◆ **Instructions for the task**:
Retype each line of the material exactly, please, skipping any picture in it.

** Stored data follows **

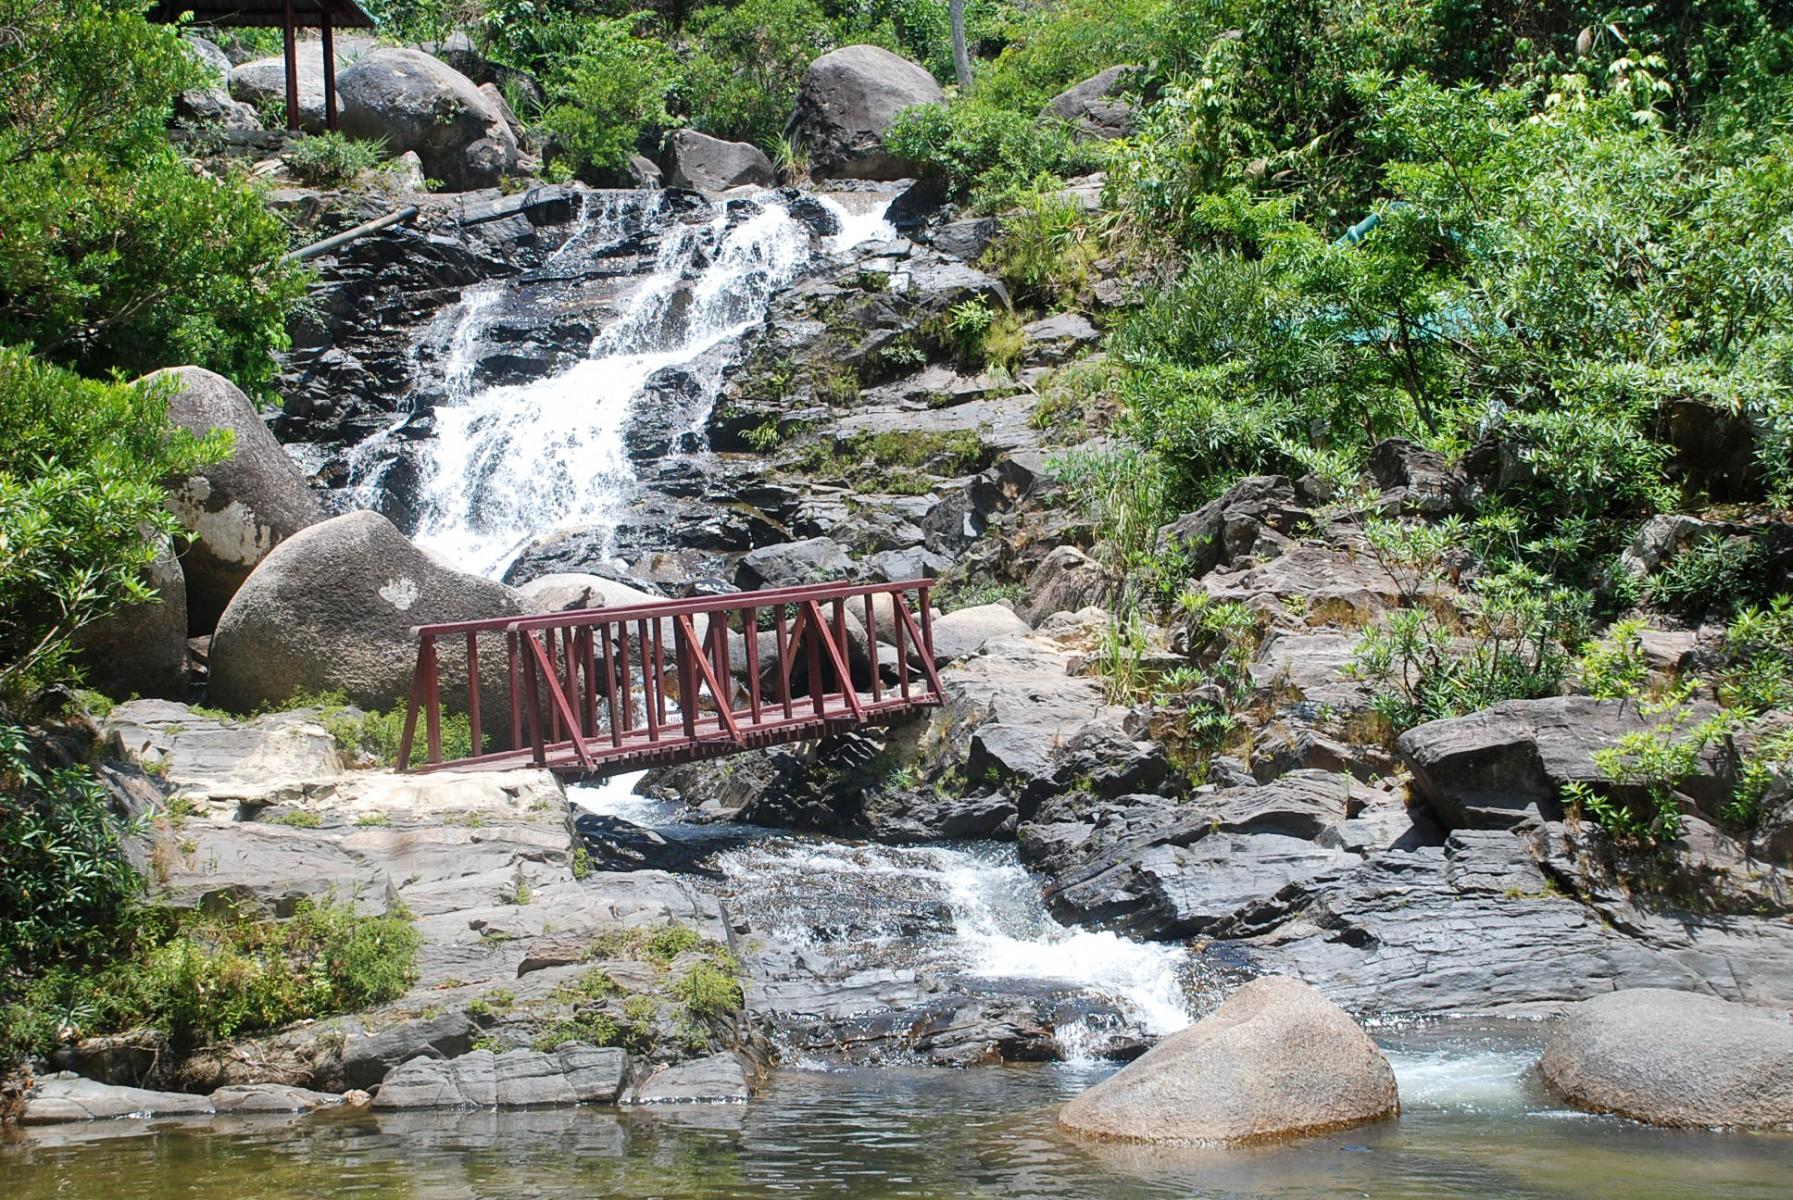 ngam-doi-danang-streams-and-lakes
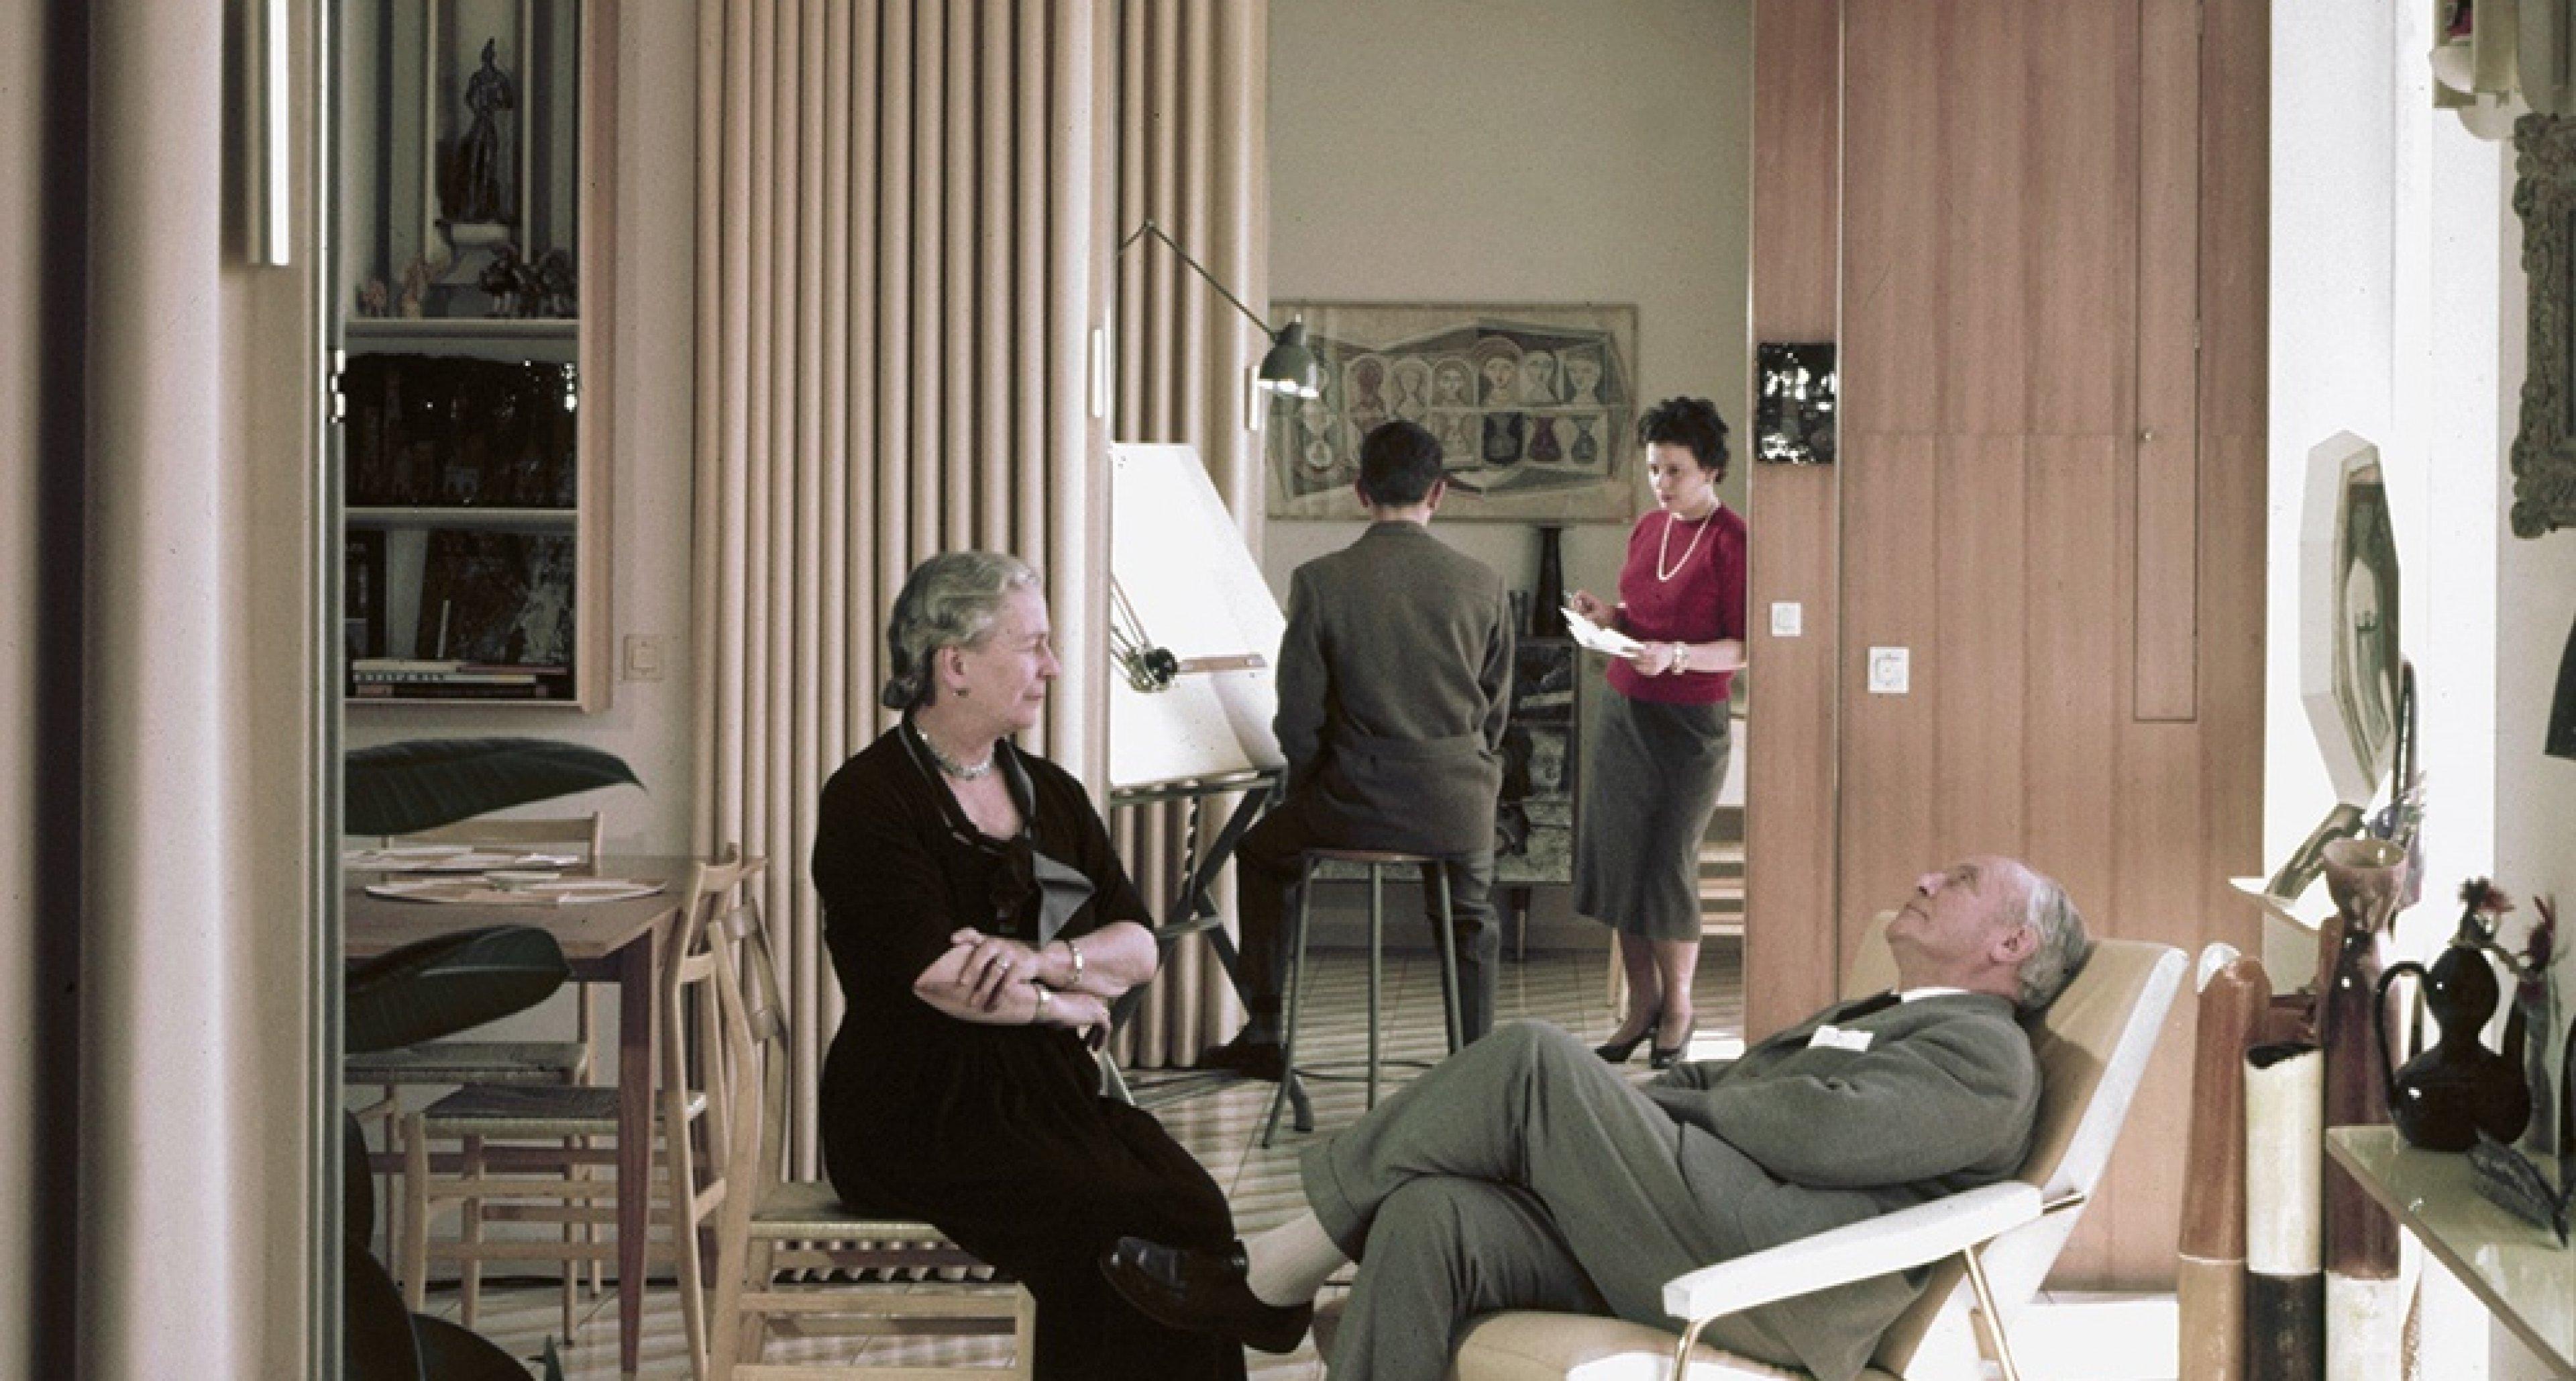 Gio Ponti and Giulia Ponti, Via Dezza, 1957 © Gio Ponti Archives
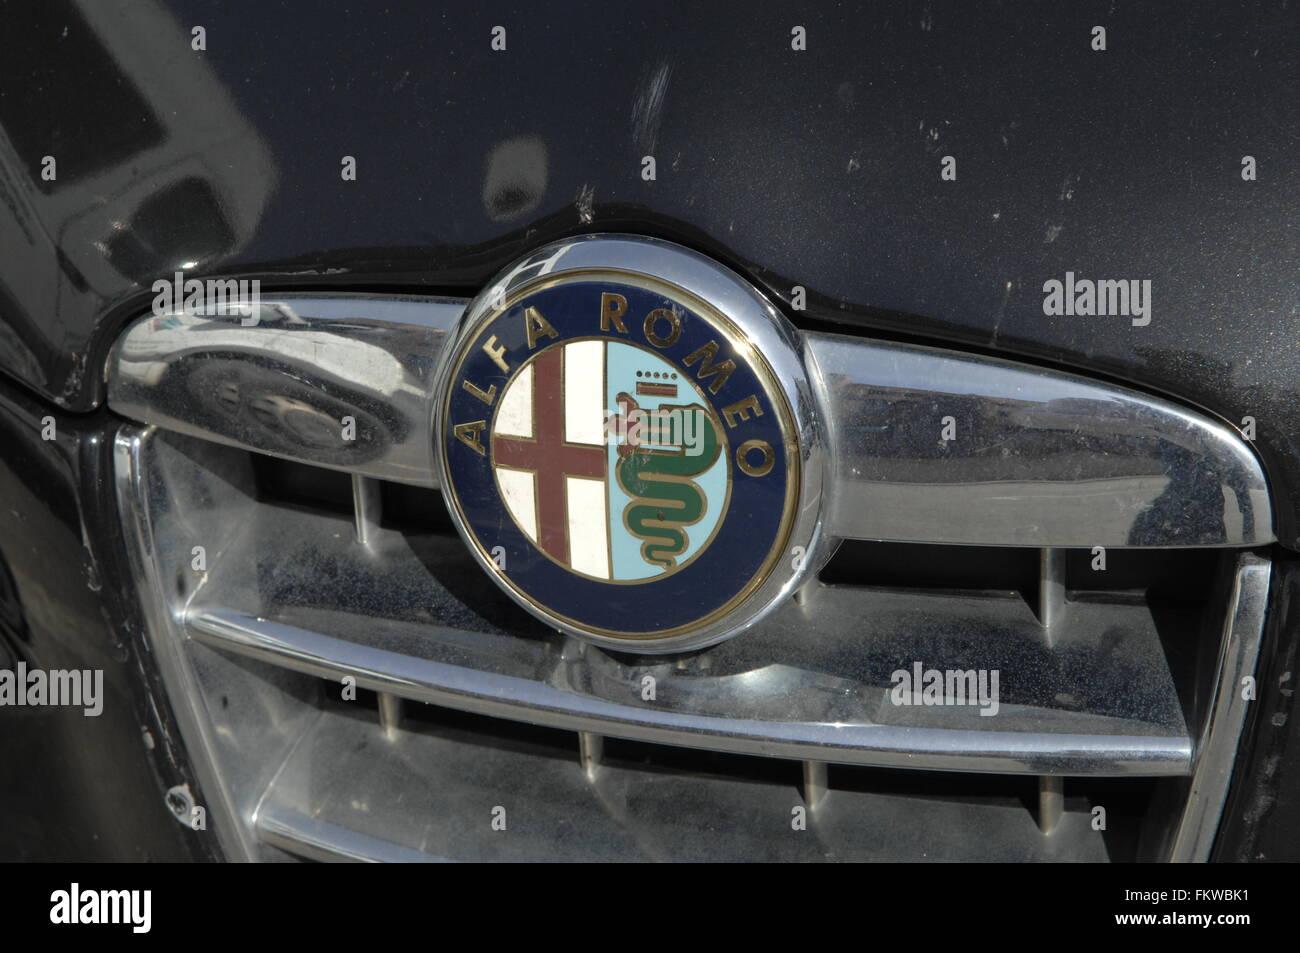 "Alfa Romeo Automobiles s.p.a. ist ein italienischer Automobilhersteller. Als Tiefzeiten (""Anonima Lombarda Fabbrica Automobili"" gegründet Stockfoto"

** End of Stored data **

◆ **Written response**:
 ngam-doi-danang-streams-and-lakes
 Gio Ponti and Giulia Ponti, Via Dezza, 1957 © Gio Ponti Archives
 "Alfa Romeo Automobiles s.p.a. ist ein italienischer Automobilhersteller. Als Tiefzeiten (""Anonima Lombarda Fabbrica Automobili"" gegründet Stockfoto"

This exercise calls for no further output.